Alex @ Searching for Happy says
Thanks for the theory on bonds. I shy away from them based on my personal preferences, so I haven’t learned a great deal about them.
Suba @ Wealth Informatics says
The only “safe” investments we have are CDs. We have some savings account but don’t keep much. The CDs are international CDs but they stay in dollar so no forex transactions. Having a CD in another country is still risky but as I grew up in that country I know the banks well and feel safe. Other than that we are pretty aggressive, we still have 90% in stocks in our retirement portfolio.

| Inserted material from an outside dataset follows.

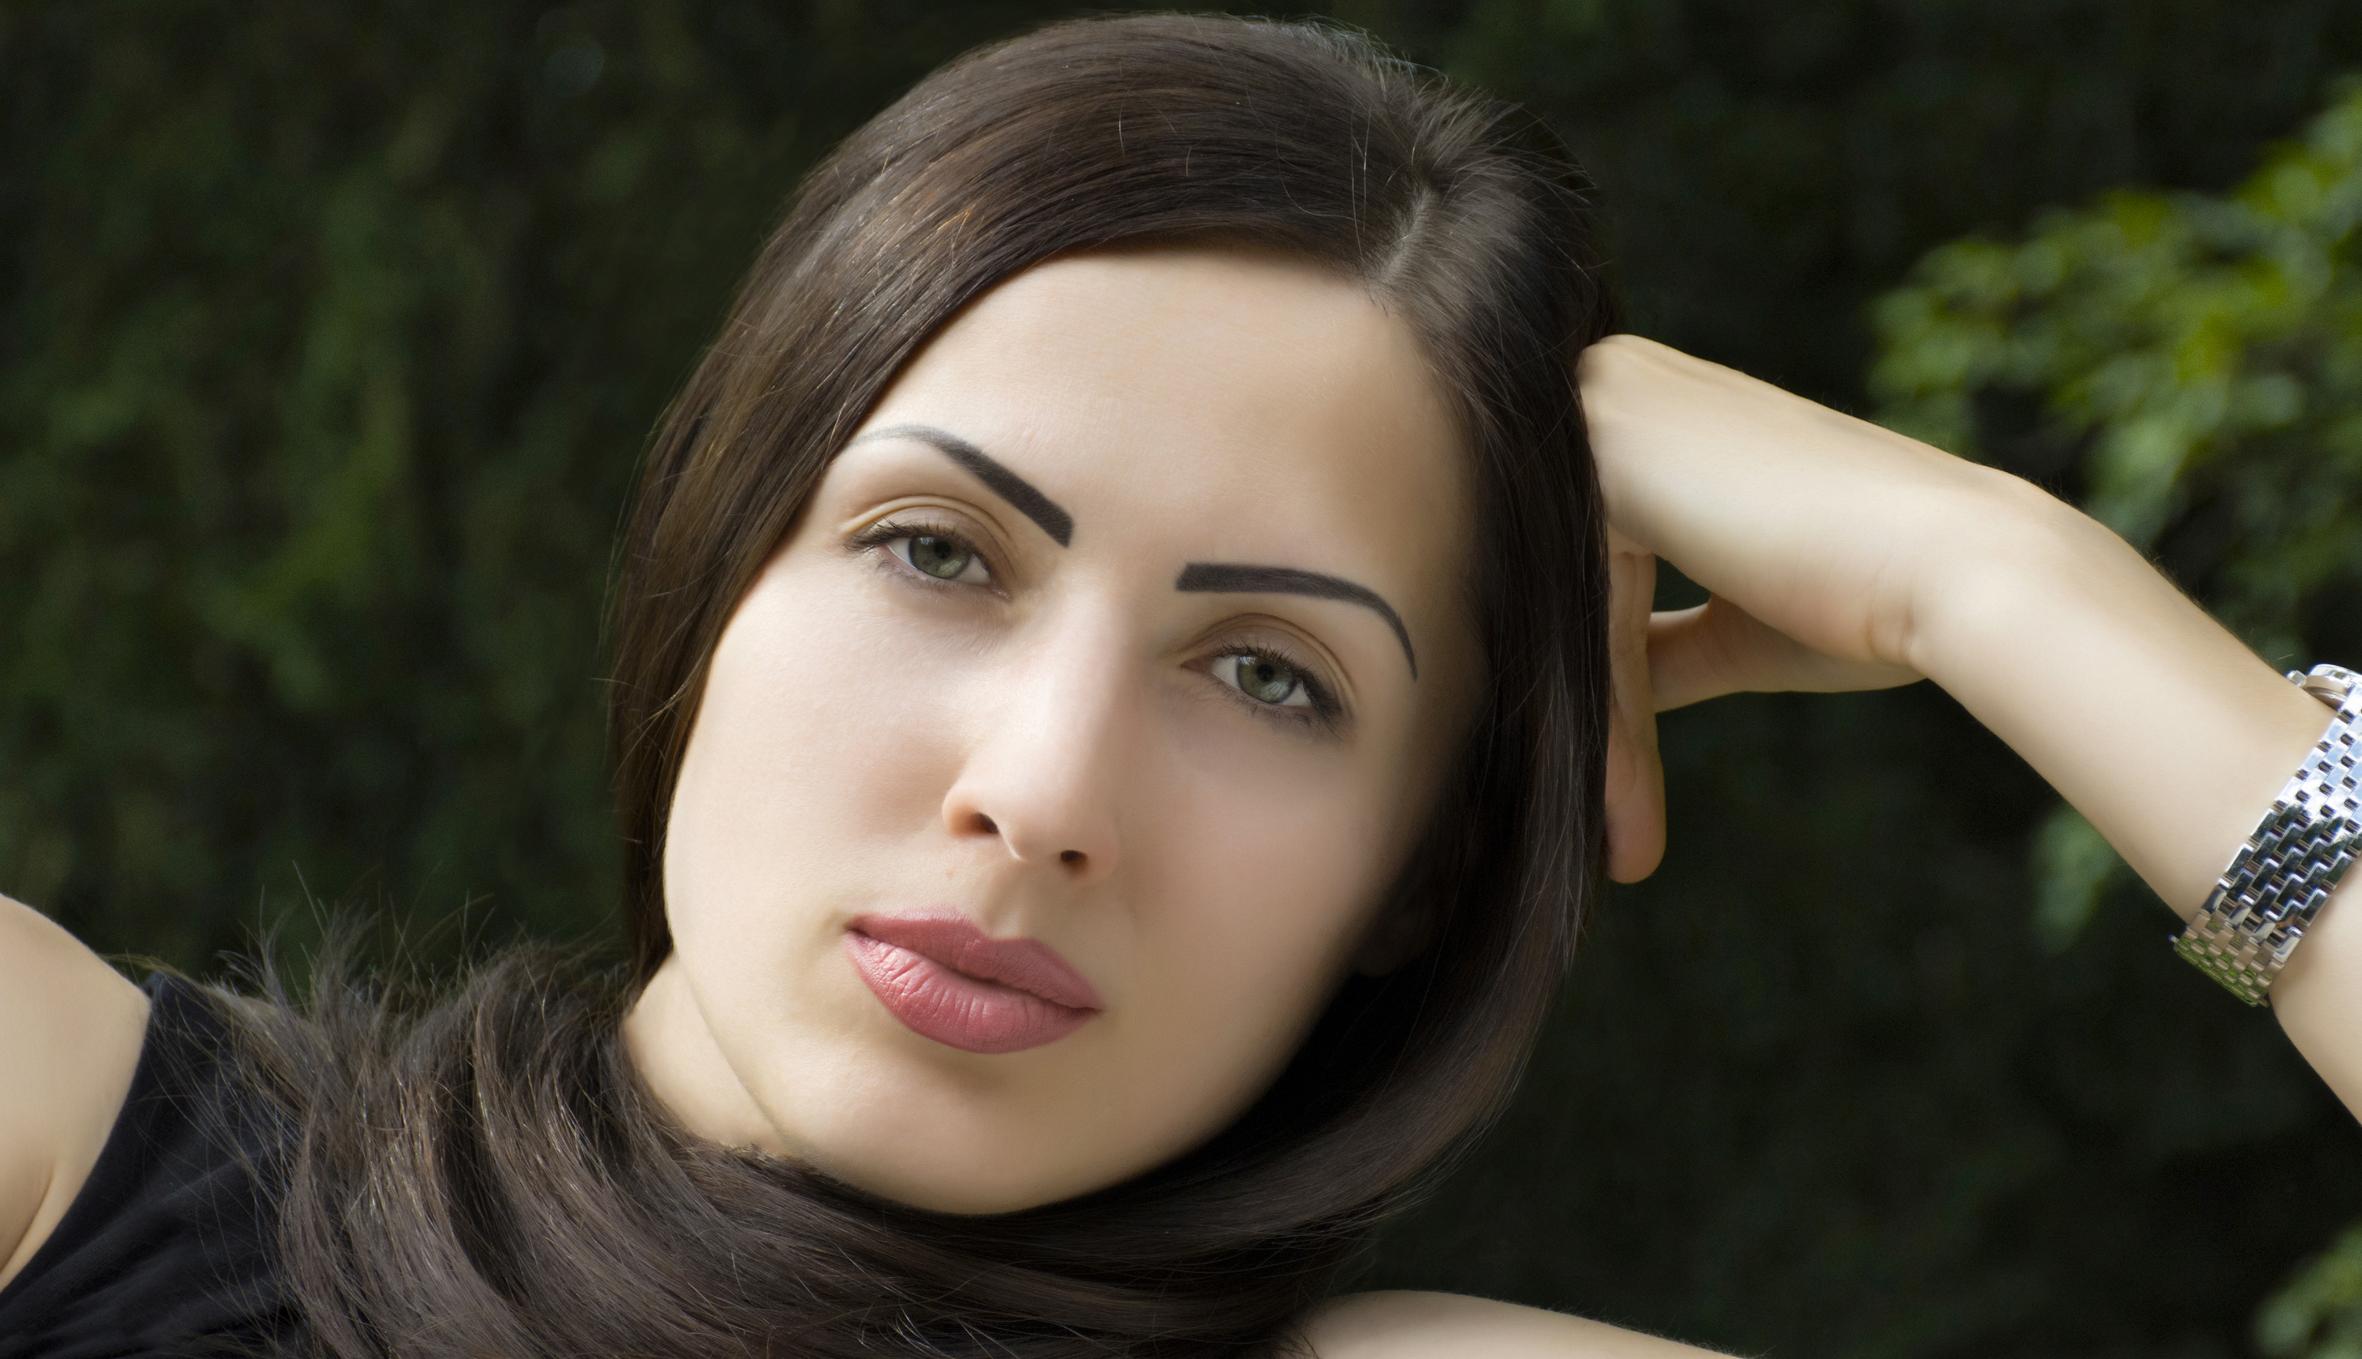 elena-bohland-2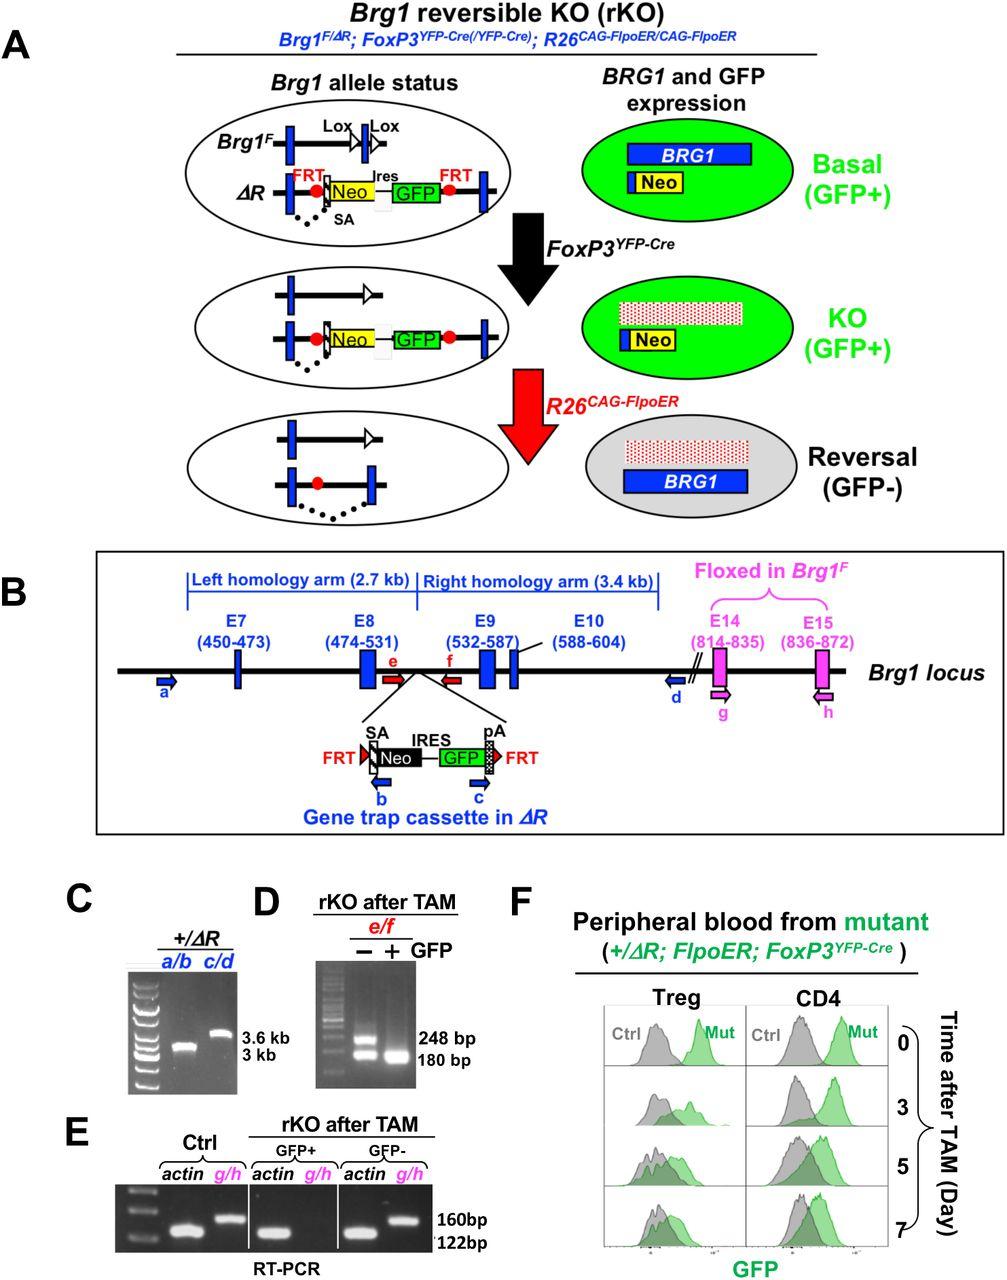 A reversible KO model reveals therapeutic potentials of

Probably time to rebalance.
Pat says
Wow, I’d love to learn more about how the international CDs work. Not sure if I’d ever really do anything but I’m curious.
Mark Ross says
Bonds can be consider a low risk investment but I think it’s really best for you to shift some of the money you invested on bonds to other investments. But I really think that you just put it on a high yield savings account, that’s the safest bet for you. 🙂
cj says
Pat! Loved your article. “my medium-term money, for
example – I’m not doing much if anything to retirement accounts” Does this mean that mean only for your safe-ish accounts or overall? And, can you point me in the direction of a few of these alternative investments or perhaps give an example? Or shall I simply visit your site? Have a Jolly one, Pat!
Pat says
Thanks CJ. Yes I’m only changing the safe-ish account. For retirement accounts I’ll just let whatever happens happen over the next few years. If the bonds in there lose money I guess I’ll just buy them at a lower price.
For alternatives I just use a “multialternative” mutual fund to keep it simple. I’m hesitant to suggest any specific one, because I don’t know if I’m smart enough to tell anybody else which particular one is any good. Depending where you have accounts hopefully there’s a good option available. Some people pick individual alternatives and decide how much to put in each but that’s not really my thing.
cj says
Thanks for your reply, Pat, and for clarifying. Much appreciated!
Jon @ MoneySmartGuides says
If you keep a bond until it matures, you are going to get par value for it, regardless what rates do in the interim. Yes, if you sell before maturity, you will get less than face value for the bond, but if you hold to maturity, you will always get face value.
Bryce says
I would not use high-yield bonds for my safe investments. high-yield bonds carry about the same risk as stocks. I personally use CDs for my current safe harbor. I will move back to bonds when their yields are once again substantially better than CDs.
Sam says
Thanks for writing this review! I’ve been intending to start investing with Betterment.